Luís Palma



Belfast: Verde #1 (tradução)

Belfast: Verde #1 (tradução)

Belfast: Verde # 1.

[…]

Eles construíram grandes muros como este, escondiam-se neles. (1)
Acabaram com todos os campos de futebol. Era o que tínhamos.
Então, decidimos lutar contra os britânicos nas ruas.

Todas as guerras são uma luta contra a ocupação.
As forças de ocupação põem-te sempre um rótulo.
Rotulam-te: «És um terrorista». Somos terroristas no nosso próprio país.

Não passávamos de estudantes – rapazes, raparigas.
Andávamos na escola quando esta guerra começou.
Eu nunca me meti em sarilhos em toda a minha vida!

E de repente, por termos decidido lutar por aquilo em que acreditávamos, éramos terroristas.
Não estávamos a lutar pela liberdade.
Éramos terroristas na nossa própria cultura. Era esta a situação, certo?

Portanto, decidimos lutar – rapazes, raparigas – e enfrentámos os britânicos nas ruas.

Éramos soldados, embora não passássemos de miúdos, jovens.
Fomos muito eficazes na luta contra o exército britânico.
Morriam soldados todos os dias.
Morriam polícias todos os dias.
Fazíamos guerra aos soldados britânicos, era isto que estava a acontecer.

E todas as guerras são uma luta contra a ocupação.
Eles tinham serviços secretos para fazer o trabalho sujo – o “MI5”, o “MI6”.
Apareciam aí à paisana, vestidos como tu, mas na realidade eram soldados.
Entravam nas zonas dos católicos, disparavam contra as pessoas e culpavam os protestantes.
Entravam nas zonas dos protestantes, alvejavam gente inocente e culpavam os católicos.

A coisa estava a tornar-se sectária. Compreendes?
E era tudo obra dos ingleses. Compreendes?

Foi aqui que começou o ódio.
Por isso decidimos lutar e fomos muito eficazes nessa luta.
Em todas as guerras o apoio da população é fundamental. O nosso lado apoiava-nos a cem por cento.
Mas aqui o apoio mais importante foi o das mulheres.

Sem elas não teríamos podido lutar.
Quando se fala de guerra, fala-se sempre dos homens que morrem em combate.
Ninguém se lembra das mulheres. Mas muitas das nossas raparigas morreram.
Muitas das nossas raparigas sofreram nas prisões.

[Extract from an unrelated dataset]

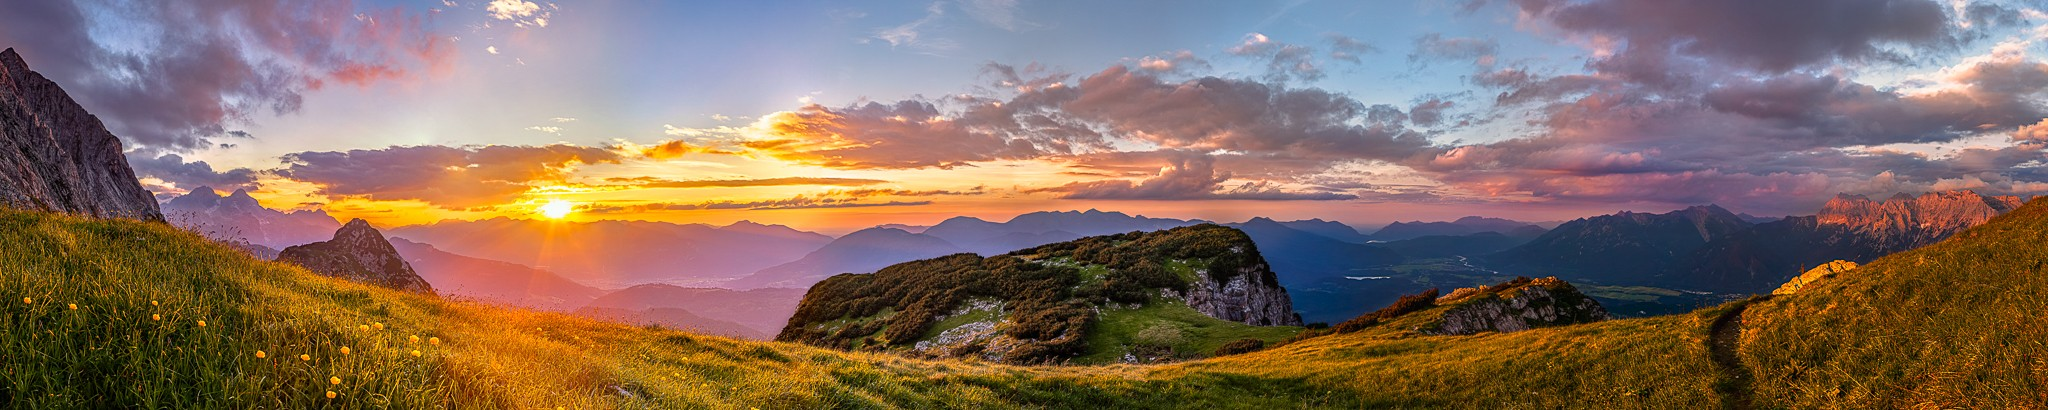 Bei Sonnenuntergang am Gamsanger unterhalb der oberen Wettersteinspitze angekommen werden die Wolken über dem Werdenfelser Land vom Abendrot erleuchtet. Blick auf Garmisch -Partenkirchen mit Berglandschaft.

Vou-te contar mais algumas histórias que aqui ocorreram, à medida que formos andando.

Está bem assim?

- Sim, parece-me bem

[…]


(1)

O muro de Belfast serviu para dividir territórios entre Republicanos e Unionistas.
Ao contrário do muro de Berlim, que foi construído em betão armado pelo regime da União Soviética, uma grande parte
deste é de aço.
Desde a revolução industrial que a indústria naval representa um sector muito forte na economia desta região.
No início do século XX, nestes estaleiros foi construído o Titanic a partir de um trabalho que contou com a colaboração da
Universidade de Ulster.
A associação entre este metal, a cidade e a indústria naval, na relação até com a fronteira marítima que separa o Oceano Atlântico
do Mar do Norte, não é de todo irrelevante.